BZOJ5109 CodePlus 2017大吉大利，晚上吃鸡！（最短路+拓扑排序+bitset）

　　首先跑正反两遍dij求由起点/终点到某点的最短路条数，这样条件一就转化为f(S,A)*f(T,A)+f(S,B)*f(T,B)=f(S,T)。同时建出最短路DAG，这样图中任何一条S到T的路径都是最短路径，对于条件二就只需要判断A是否能走到B。注意到空间开的非常大。那么对于条件二的可达性显然是可以bitset优化的。对于条件一可以map套bitset。两者and再count一下就可以了。bzoj的空间限制开小了于是这种做法就直接MLE了。

#include<iostream> 
#include<cstdio>
#include<cmath>
#include<cstdlib>
#include<cstring>
#include<algorithm>
#include<queue>
#include<map>
#include<bitset> 
using namespace std;
#define ll long long
#define N 50010
#define P 1000000007
char getc(){char c=getchar();while (c==10||c==13||c==32) c=getchar();return c;}
int gcd(int n,int m){return m==0?n:gcd(m,n%m);}
int read()
{
    int x=0,f=1;char c=getchar();
    while (c<'0'||c>'9') {if (c=='-') f=-1;c=getchar();}
    while (c>='0'&&c<='9') x=(x<<1)+(x<<3)+(c^48),c=getchar();
    return x*f;
}
int n,m,S,T,t,p[N],f[2][N],g[N];
ll d[2][N];
bool flag[N];
struct data{int to,nxt,len;
}edge[N<<1];
struct data2
{
    int x;ll d;
    bool operator <(const data2&a) const
    {
        return d>a.d;
    }
};
priority_queue<data2> q;
bitset<N> to[N],from[N];
map<int,bitset<N> > cnt;
void addedge(int x,int y,int z){t++;edge[t].to=y,edge[t].nxt=p[x],edge[t].len=z,p[x]=t;}
void inc(int &x,int y){x+=y;if (x>=P) x-=P;}
void dijkstra(int S,int op)
{
    memset(d[op],42,sizeof(d[op]));d[op][S]=0;f[op][S]=1;
    memset(flag,0,sizeof(flag));
    while (!q.empty()) q.pop();
    q.push((data2){S,0});
    for (;;)
    {
        while (!q.empty()&&flag[q.top().x]) q.pop();
        if (q.empty()) break;
        data2 x=q.top();q.pop();
        flag[x.x]=1;
        for (int i=p[x.x];i;i=edge[i].nxt)
        {
            if (x.d+edge[i].len<d[op][edge[i].to])
            {
                d[op][edge[i].to]=x.d+edge[i].len;
                q.push((data2){edge[i].to,d[op][edge[i].to]});
                f[op][edge[i].to]=0;
            }
            if (x.d+edge[i].len==d[op][edge[i].to])

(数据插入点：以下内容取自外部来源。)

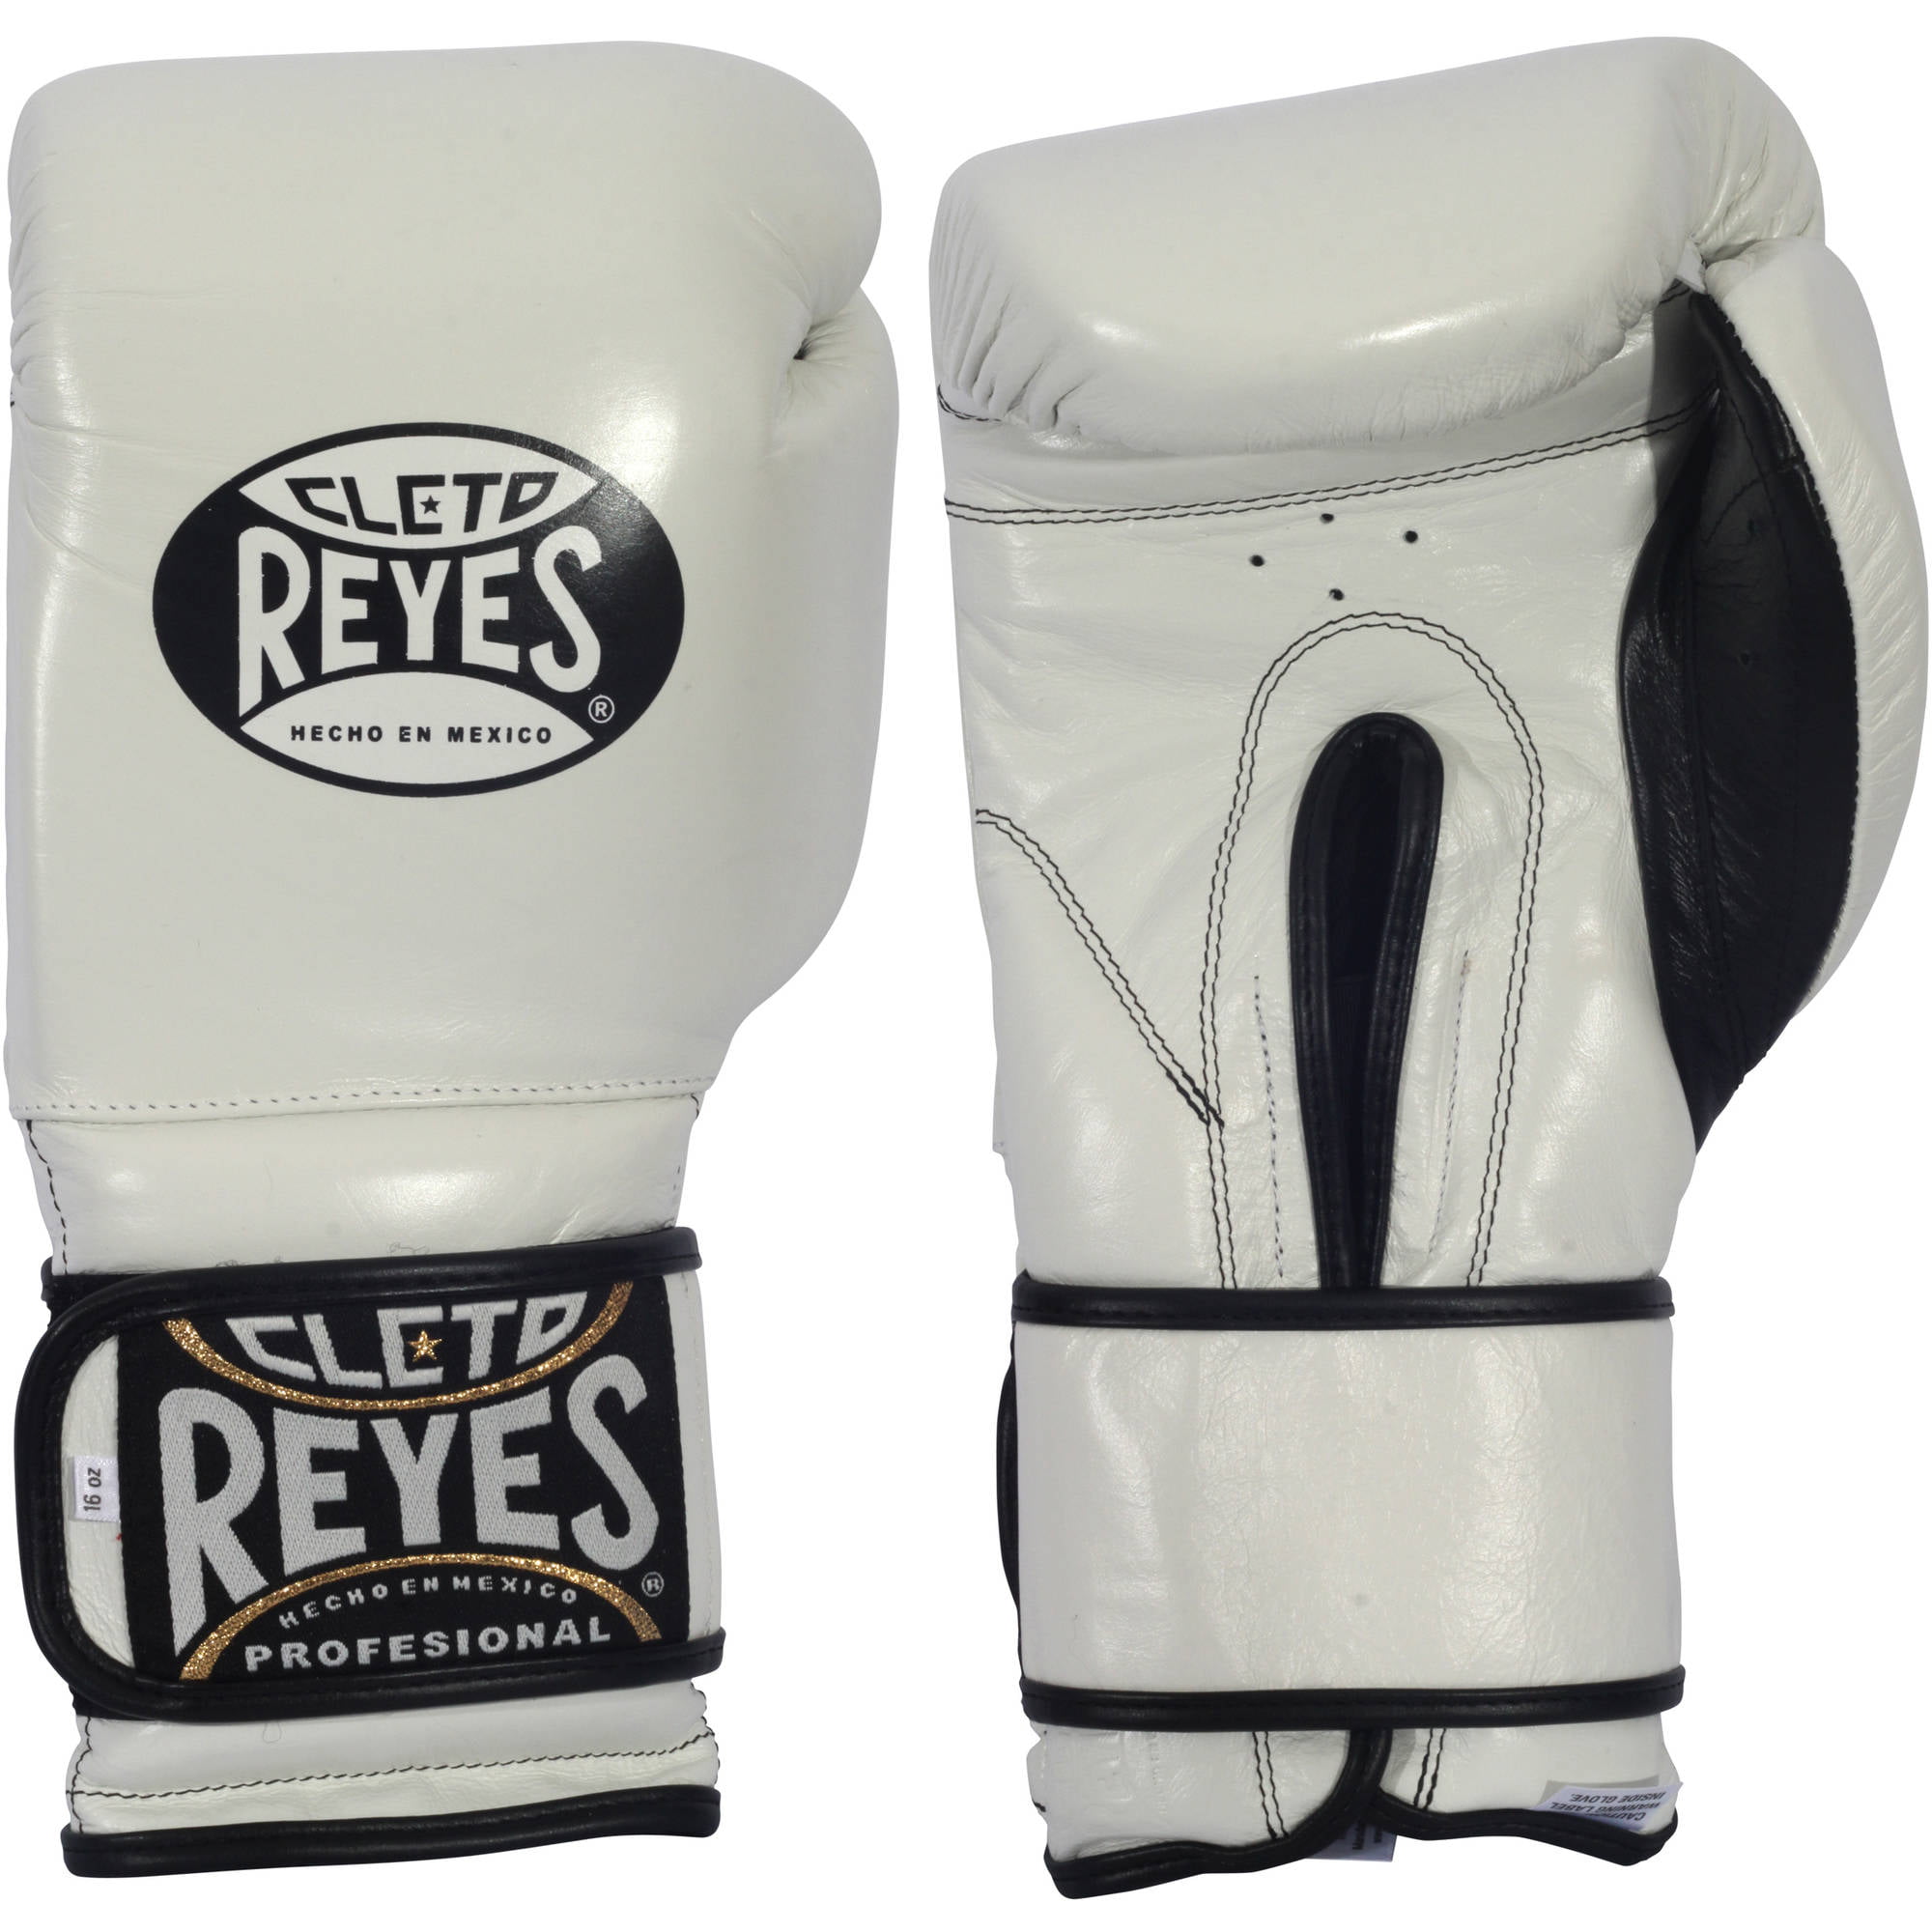 *FREE* Cleto Reyes Boxing Gloves Wrap Around Sparring Training Gloves White

            inc(f[op][edge[i].to],f[op][x.x]);
        }
    }
}
namespace shortestpathDAG
{
    int p[N]={0},q[N]={0},degree[N]={0},t=0;
    struct data{int to,nxt;}edge[N];
    void addedge(int x,int y){t++;edge[t].to=y,edge[t].nxt=p[x],p[x]=t;}
    void topsort()
    {
        for (int i=1;i<=t;i++) degree[edge[i].to]++;
        int head=0,tail=0;for (int i=1;i<=n;i++) if (!degree[i]) q[++tail]=i;
        while (tail<n)
        {
            int x=q[++head];
            for (int i=p[x];i;i=edge[i].nxt)
            {
                degree[edge[i].to]--;
                if (!degree[edge[i].to]) q[++tail]=edge[i].to;
            }
        }
    }
    void work()
    {
        ll ans=0;
        for (int i=1;i<=n;i++)
        {
            int x=q[i];from[x][x]=1;
            for (int j=p[x];j;j=edge[j].nxt)

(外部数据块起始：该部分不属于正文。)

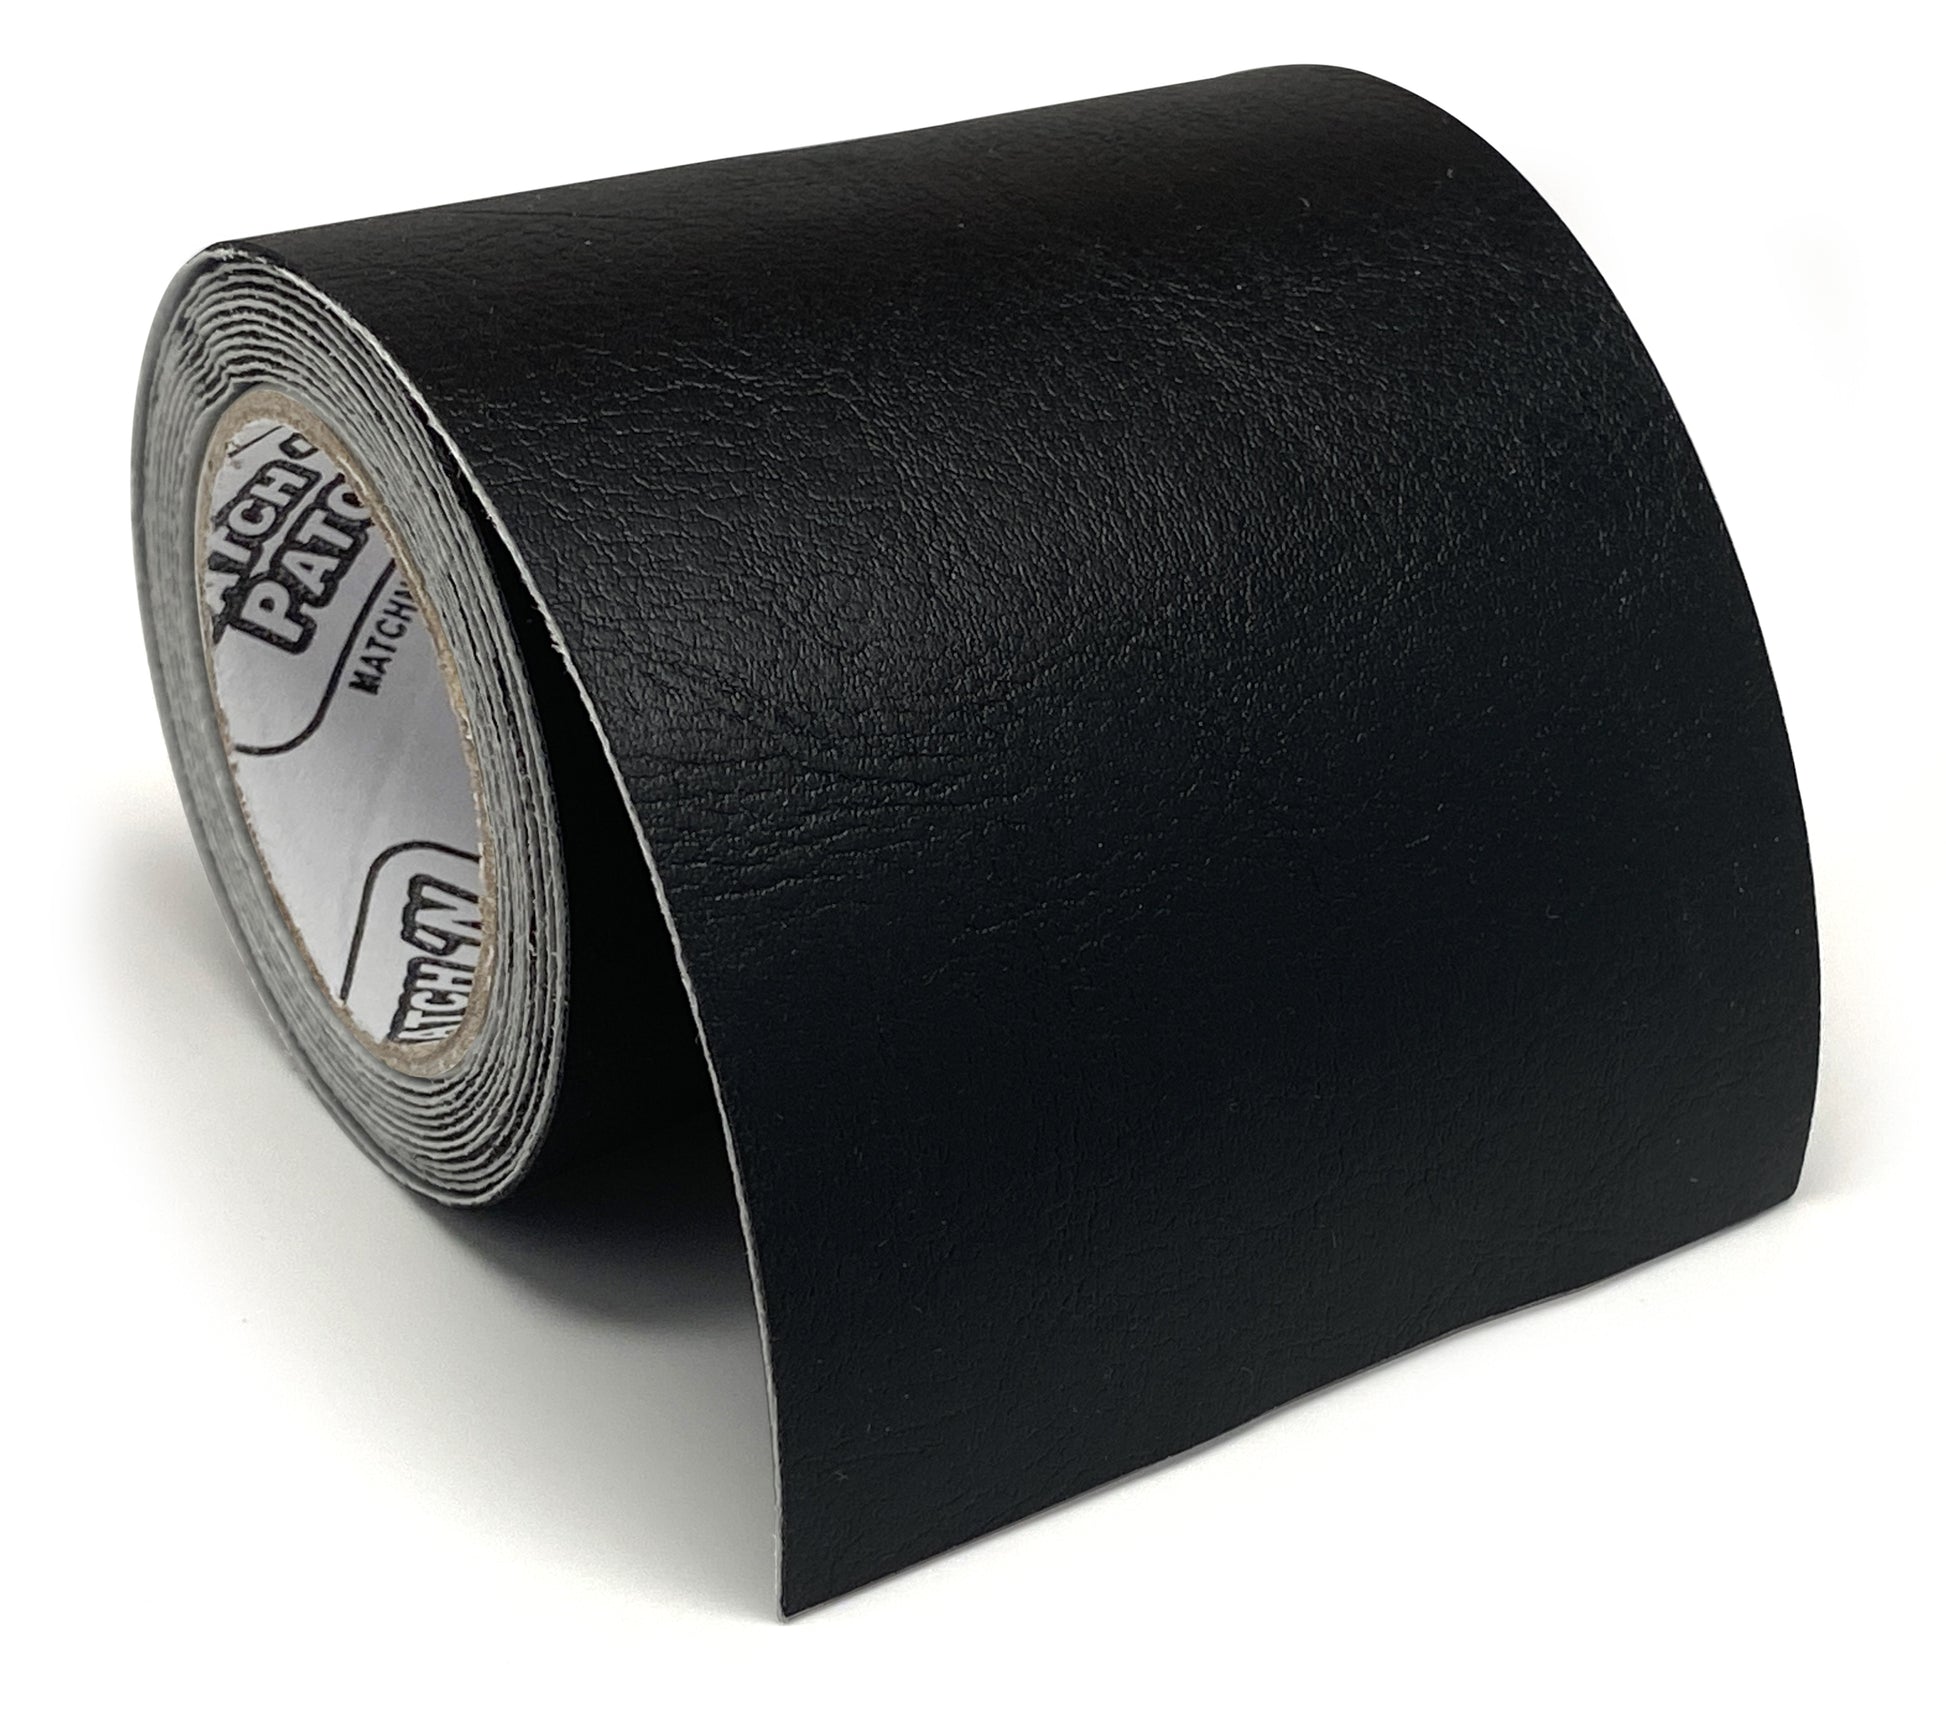 jesilo Black Lather - Stratize Adhesive Leather Repair Patch at Rs 549.00, चमड़े का पैच, लेदर पैचेज, चमड़े के पैचेज - Sunny Clothing, Guwahati

            from[edge[j].to]|=from[x];
        }
        for (int i=n;i>=1;i--)
        {
            int x=q[i];to[x][x]=1;
            for (int j=p[x];j;j=edge[j].nxt)
            to[x]|=to[edge[j].to];
            ans+=((~(to[x]|from[x]))&cnt[(g[T]-g[x]+P)%P]).count();
        }
        cout<<(ans>>1);
    }
}
int main()
{
#ifndef ONLINE_JUDGE
    freopen("bzoj5109.in","r",stdin);
    freopen("bzoj5109.out","w",stdout);
    const char LL[]="%I64d
";
#else
    const char LL[]="%lld
";
#endif
    n=read(),m=read(),S=read(),T=read();
    for (int i=1;i<=m;i++)
    {
        int x=read(),y=read(),z=read();
        addedge(x,y,z),addedge(y,x,z);
    }
    dijkstra(S,0),dijkstra(T,1);
    if (f[0][T]==0) {cout<<(1ll*n*(n-1)>>1);return 0;}
    for (int i=1;i<=n;i++)
    {
        if (d[0][i]+d[1][i]==d[0][T]) g[i]=1ll*f[0][i]*f[1][i]%P;
        cnt[g[i]][i]=1;
    }
    for (int i=1;i<=t;i+=2)
    {
        if (d[0][edge[i+1].to]+d[1][edge[i].to]+edge[i].len==d[0][T]) shortestpathDAG::addedge(edge[i+1].to,edge[i].to);
        if (d[0][edge[i].to]+d[1][edge[i+1].to]+edge[i].len==d[0][T]) shortestpathDAG::addedge(edge[i].to,edge[i+1].to);
    }
    shortestpathDAG::topsort();
    shortestpathDAG::work();
    return 0;
}